Qu'est-ce que le moi ?
Un homme qui se met à la fenêtre pour voir les passants, si je passe par là, puis-je dire qu'il s'est mis là pour me voir ? Non ; car il ne pense pas à moi en particulier. […]
Où est donc ce moi, s'il n'est ni dans le corps, ni dans l'âme ? et comment aimer le corps ou l'âme, sinon pour ces qualités, qui ne sont point ce qui fait le moi, puisqu'elles sont périssables ?
Pascal –. Pensées. B. 323
Où est le véritable moi ? En janvier sur le trottoir ? Penché sur le balcon en juin ? Suis-je ici, suis-je là ? Peut-être le vrai moi n'est-il ni celui-ci ni celui-là, ni ici ni là, mais quelque chose de si divers, de si fluctuant, que c'est aux seuls moments où nous lâchons la bride à nos désirs et les laissons naviguer à leur guise que nous sommes en vérité nous-mêmes.
Virginia WOOLF - Au hasard des rues. (La mort de la phalène - p. 134)(1)
Une même question : qu’est-ce que le moi ?
Un même constat : le moi – ce moi-même que je suis – est un agrégat fluctuant de qualités, de caractéristiques, qui peuvent apparaître, disparaître, venir au premier plan ou s’effacer, sans que je cesse d’être « moi-même ».
Deux réponses :
- Pascal : en vérité le moi n’est rien, c’est de la fumée aux yeux qui trompe et pour la quelle notre orgueil se bat vainement. La vérité de mon être, c’est mon âme, que je ne connais qu’en passant par l’adoration de Dieu, son véritable Auteur.
- Virginia Woolf : le moi c’est précisément ce changement perpétuel, cette rhapsodie (2) de traits et de caractères changeants, ce kaléidoscope de désirs et de tendances.
Une nouvelle question : comment être soi-même ?
- Pascal : on n’est soi-même que dans la prière et par la foi qui nous permet de coïncider avec notre âme immortelle.
- V. Woolf : c’est en lâchant la bride à nos désirs et en les laissant naviguer.
Non pas pour accomplir ce vers quoi nous nous sentons attirés.
Mais parce que cette absence de continuité des désirs est la vérité du non-sujet que nous sommes.
Il me semble que Deleuze et Guattari ont dit quelque chose qui ressemble à ça, mais bien plus tard.
(1) Suite du texte :
Mais quelle absurdité! Il est en fait près de six heures, un soir d'hiver ; nous allons vers le Strand pour acheter un crayon. Comment se trouver en même temps au mois de juin toute emperlée sur un balcon ? Quelle absurdité!

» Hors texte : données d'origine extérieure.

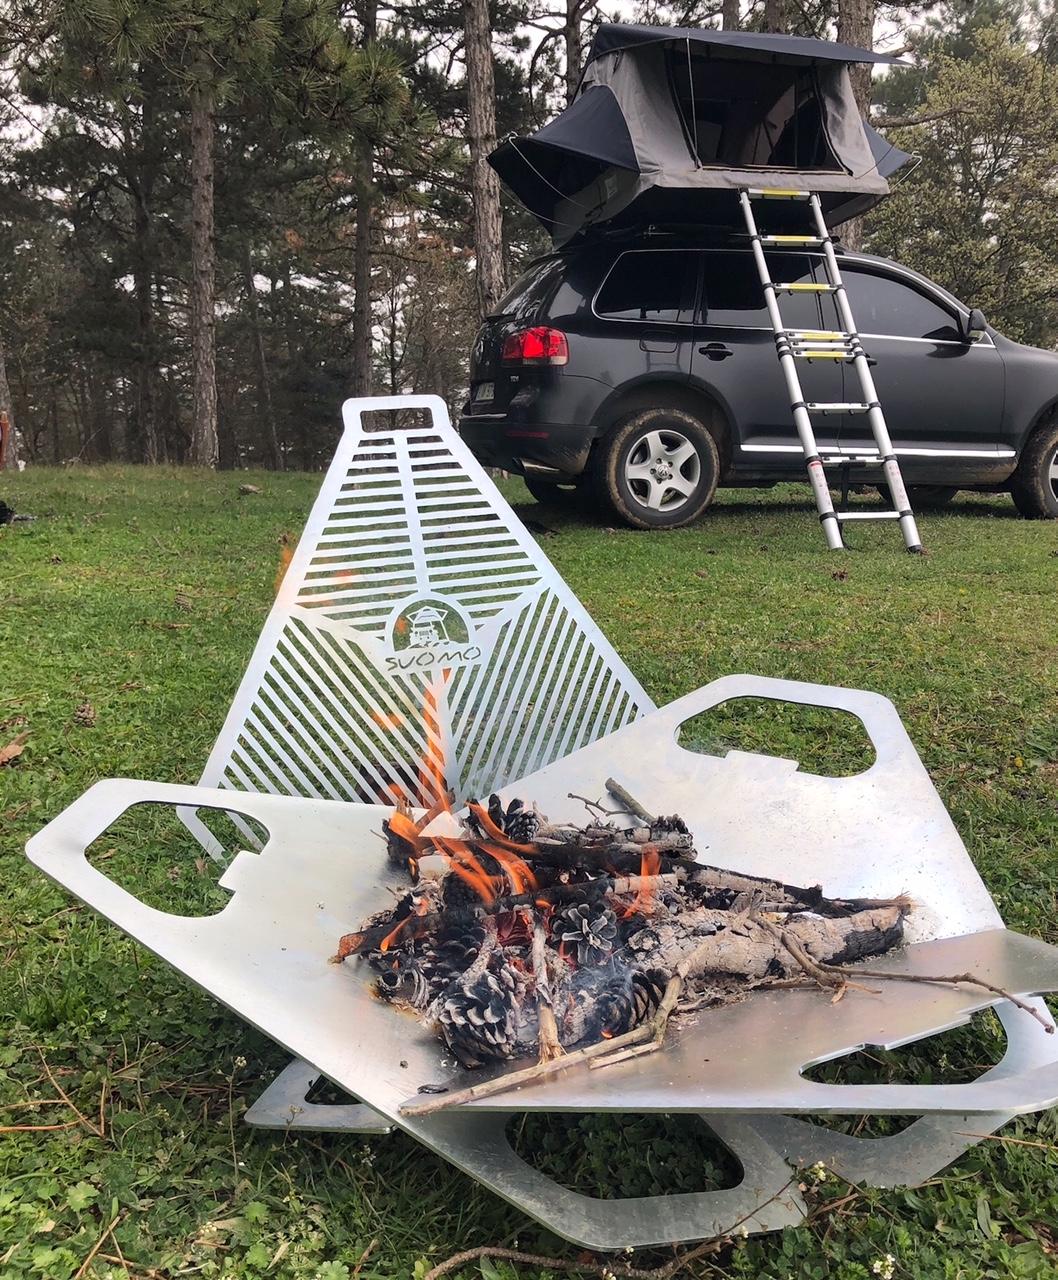 CampFire-Grill3.jpg

Folie de la nature, pas la nôtre. Quand elle entreprit son grand chef-d'oeuvre - la création de l'homme - elle n'aurait dû songer qu'à une chose. Mais non ; tournant la tête, regardant par-dessus son épaule, elle permit qu'en chacun de nous s'insinuent des instincts, des appétits en complet désaccord avec notre être, si bien que nous sommes zébrés, bariolés, barbouillés ; les teintes ont coulé. Où est le véritable moi ? En janvier sur le trottoir ? Penché sur le balcon en juin ? Suis-je ici, suis-je là ? Peut-être le vrai moi n'est-il ni celui-ci ni celui-là, ni ici ni là, mais quelque chose de si divers, de si fluctuant, que c'est aux seuls moments où nous lâchons la bride à nos désirs et les laissons naviguer à leur guise que nous sommes en vérité nous-mêmes. Les circonstances contraignent à l'unité ; il convient que l'homme soit un tout. Rentrant chez lui le soir, le bon citoyen se doit d'être banquier, golfeur, époux, père et non pas un nomade errant dans le désert, un mystique perdu dans la contemplation du ciel, un débauché hantant les bouges de San
Virginia WOOLF - Au hasard des rues. (La mort de la phalène - p. 134)
(2) Rhapsodie : Ouvrage en vers ou en prose fait de morceaux divers, mal liés entre eux. Le mot pris dans ce sens est chez Kant.